As Joe Biden became US president, the social media company switched over the linked account to the new administration. In normal times, it would be a trivial detail, but Donald Trump so amplified the importance of the service as his mouthpiece, it sometimes felt like rule by tweet.

That might justify the need for a clean sheet and explain why, unlike four years ago, when President Trump took over the handle, Joe Biden isn’t automatically keeping the account’s current followers.

The Washington Post explains its 33m followers will get a notification about the transfer with the option to follow Biden’s President Of The United States account if they wish. Twitter did not explain why it was introducing an opt-in policy, which Joe Biden’s digital director Rob Flaherty complained was a break with 2017 protocol, before admitting:

“Anyway, the nice thing about Joe Biden is that he truly couldn’t care less about Twitter followers. Or Twitter!” in a tweet.

That will be a relief to many after the past four years. The New York Times has just compiled a staggering interactive list of every @realDonaldTrump tweet containing an insult since 2015. It stretches to 48,000 words.

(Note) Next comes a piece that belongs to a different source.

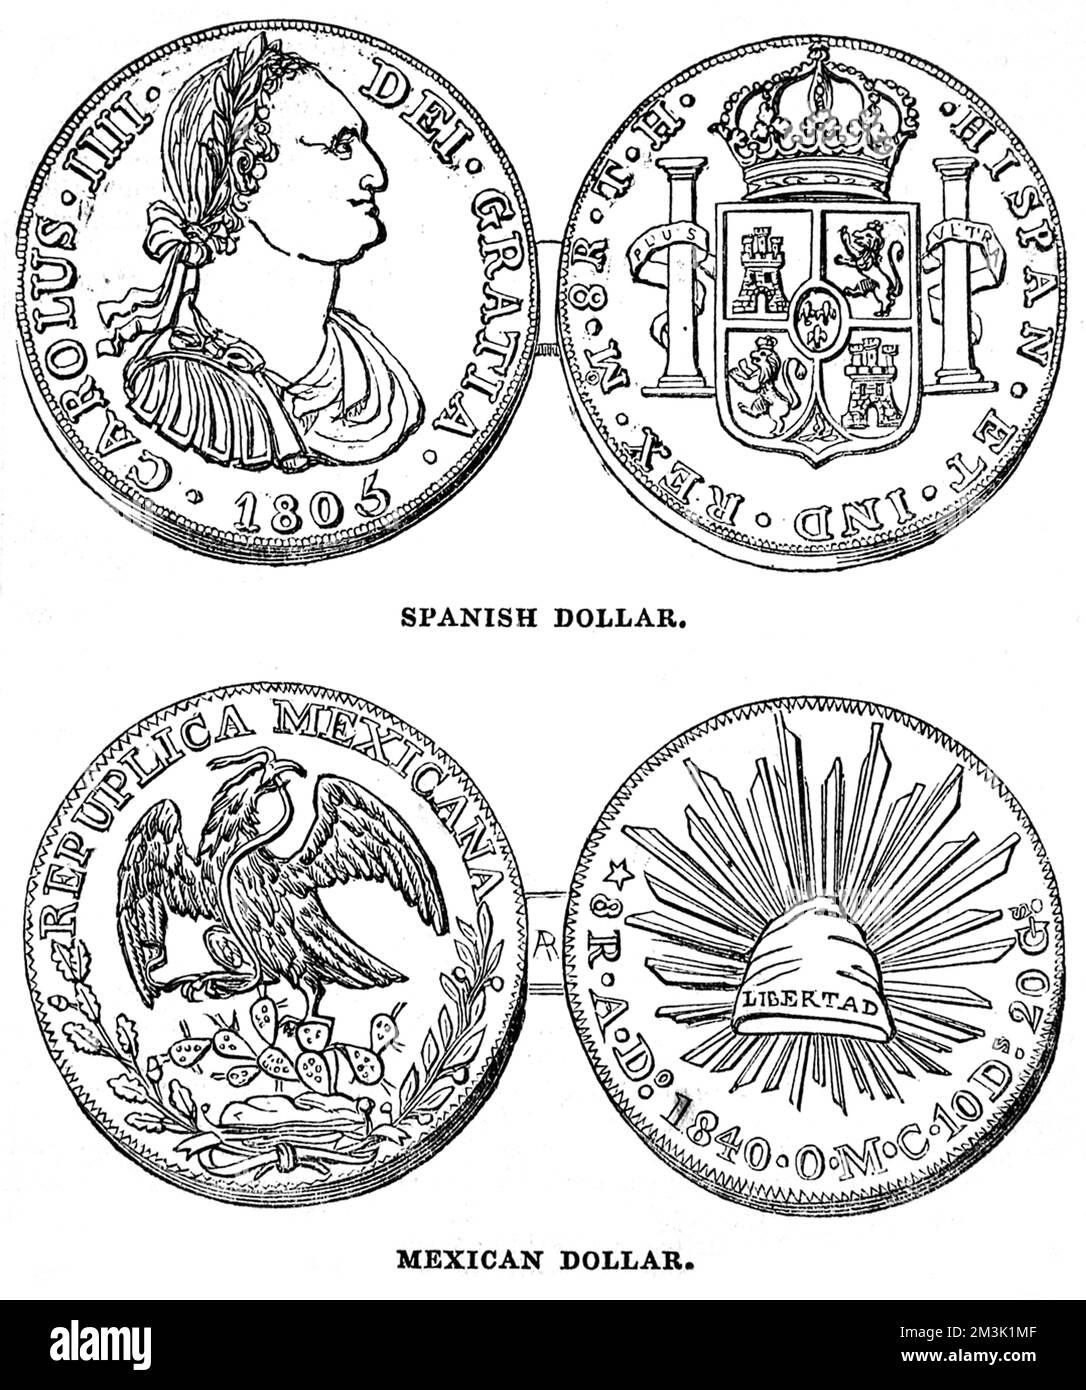 Moneta contenuta nelle volte della Banca d'Inghilterra. All'inizio del diciannovesimo centuro di dollari spagnoli e messicani, lo spagnolo è conosciuto come il dollaro della colonna di Carlo IV, il messicano è conosciuto come il dollaro dell'aquila. 1845 Foto Stock

Mr Biden’s transition website has a list of executive actions he is carrying out on Day One of his presidency. None of them concern tech and he may not be quick to reverse any executive orders by his predecessor concerning tech threatening national security. The last came on Tuesday and was aimed at thwarting foreign use of cloud computing products for malicious cyber operations against the US.

Tech did feature in a final list of full pardons granted by the president overnight. Clemency was given to Anthony Levandowski, co-founder of Google’s self-driving car project, who was sentenced to 18 months in prison last August for stealing trade secrets to help build a rival vehicle at Uber. The judge had called him a “brilliant, groundbreaking engineer that our country needs”, the White House pointed out, adding that he had “paid a significant price for his actions and plans to devote his talents to advance the public good”.

The Internet of (Five) Things

1. The EU and US tech
Margrethe Vestager, the European Commission’s vice-president for competition and digital policy, told Brussels Briefing this week it hoped to stay aligned with the Biden administration. She has also warned that Big Tech companies will face a flurry of countries passing laws to curb their power if they do not support the EU’s approach to regulation. The commission has started asking Google’s rivals about its advertising practices.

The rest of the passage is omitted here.